The words came to me slowly and fell from my lips like stones. “I’ll have to leave. There is nothing else I can do.” I swallowed past a sudden lump in my throat. Other words came out before I even thought to say them. “I should have left a long time ago, and then none of this would have happened. When I first found out I was dismissed from the academy, I should have run away east. To the forest, where I belong.”
“What?” Yaril demanded, distraught.
“I meant the frontier. Where I could make a new life for myself.” But that wasn’t what I had meant at all. Like a shadow unfurling, for a moment my Speck self had seized my tongue and spoken to her. I could not imagine a worse time for him to assert his presence. A fresh wave of misery washed over me as I tried to comprehend the full disaster of my father turning me out.
Yaril made it worse. “I have to go with you, Nevare. No matter where you go. You can’t leave me here. You can’t. I’ll die.”
“Don’t say that! You know I can’t take you with me. I don’t even know where I’m going or what I’m going to do. I can’t take you into a situation like that.” As I said the words, I knew what I had to do. I must obey the good god’s will. I had to enlist as a soldier. Franner’s Bend was the closest military post. I could start there, and build a new life. I instantly rejected that idea. I would go as far away from my father as I could and build a new life where if I failed or disgraced myself, only I would bear the shame.
“If you leave me, I’ll die, Nevare. Or I’ll go mad. Don’t go off and leave me alone with that crazy, vile man.”
The first thought that came to me was that she had to stay, because otherwise our father would be left all alone. Despite all, I thought that too cruel to consider. “He isn’t himself,” I said instead. “Grief has turned his mind. In time, he may recover. And when he does, he will need you.”
“Perhaps after he has driven me as mad as he is? Nevare, try to imagine what my life will be here. I will have no one to turn to. No one.”
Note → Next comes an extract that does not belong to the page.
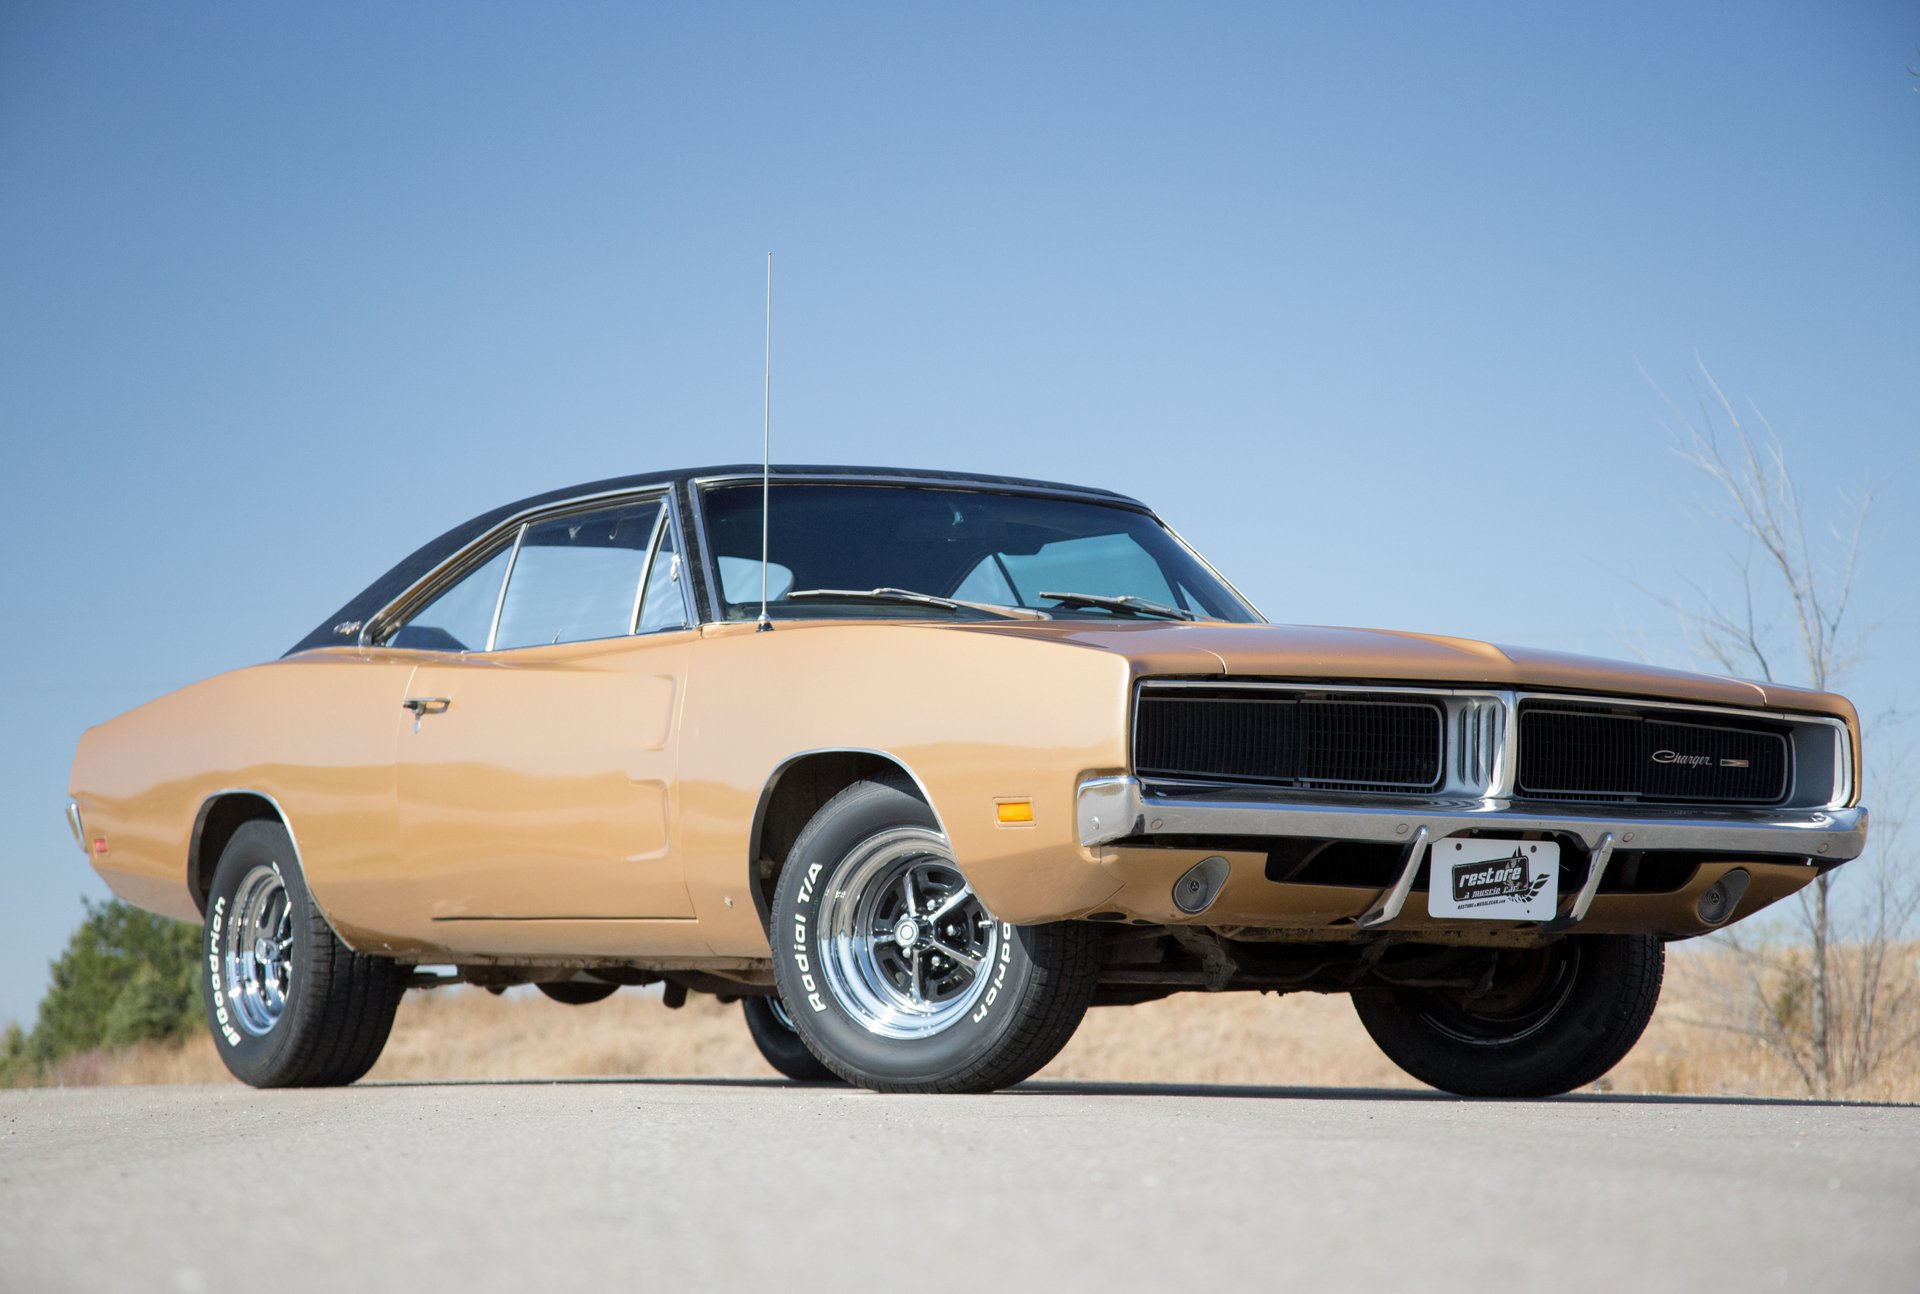 1969 Dodge Charger | Restore A Muscle Car™ LLC
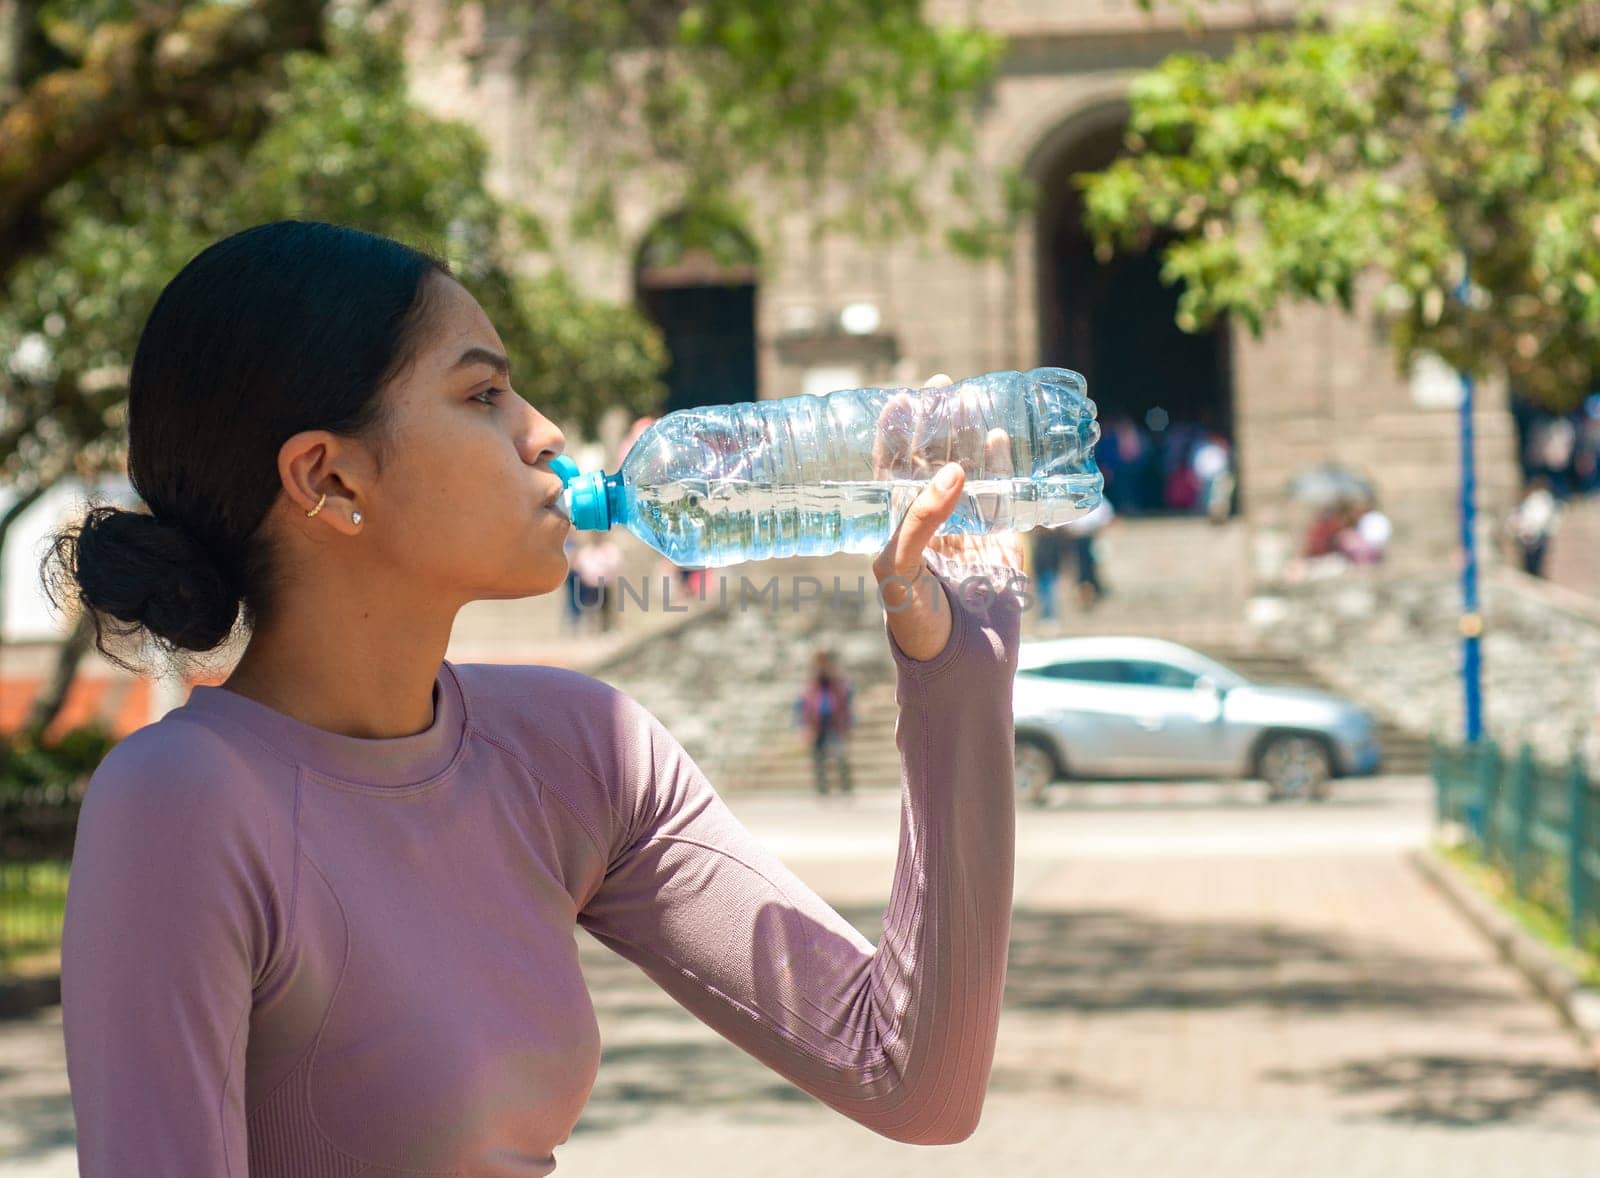 A Latina woman elegantly drinks cool, clear water from a plastic bottle in the city center during a quiet moment in her solo tourist experience. by Raulmartin

I sought my mind for something to offer her, some shelter or friendship that could sustain her. Carsina came to mind, and then I remembered their falling-out over Remwar. Our family had other friends and neighbors. True, ever since the plague, there had been little socializing. The news we had received from other households was sparse and often somber. But once the rains of fall and the snows of winter were past and the roads were good again, surely people would resume their old patterns of visits and invitations. In the meantime…well, at least she would be safe. I said as much.
“Safe. Safe to be belittled and ordered about every day. Safe to be married off to some man Father chooses, who will belittle and order me about in his home. You have a peculiar idea of safe, Nevare. The safest I’ve ever been has been since you brought me home from the Porontes and put me in charge of the household. Nevare, other than my grief, these have been the best days of my life. Oh, I know how shallow that sounds!” she cried out before I could reply to her strange remark. “But please, try to understand. For once I felt like I could relax and be myself. I could request meals of food that I enjoyed, and move the furniture as suited me and not be required each evening to give an accounting of what I had accomplished each day. And as a result, I actually did things that I thought needed doing, without fearing that they would not be approved. My life became more than matching buttons on my frock or learning a new piece of music.”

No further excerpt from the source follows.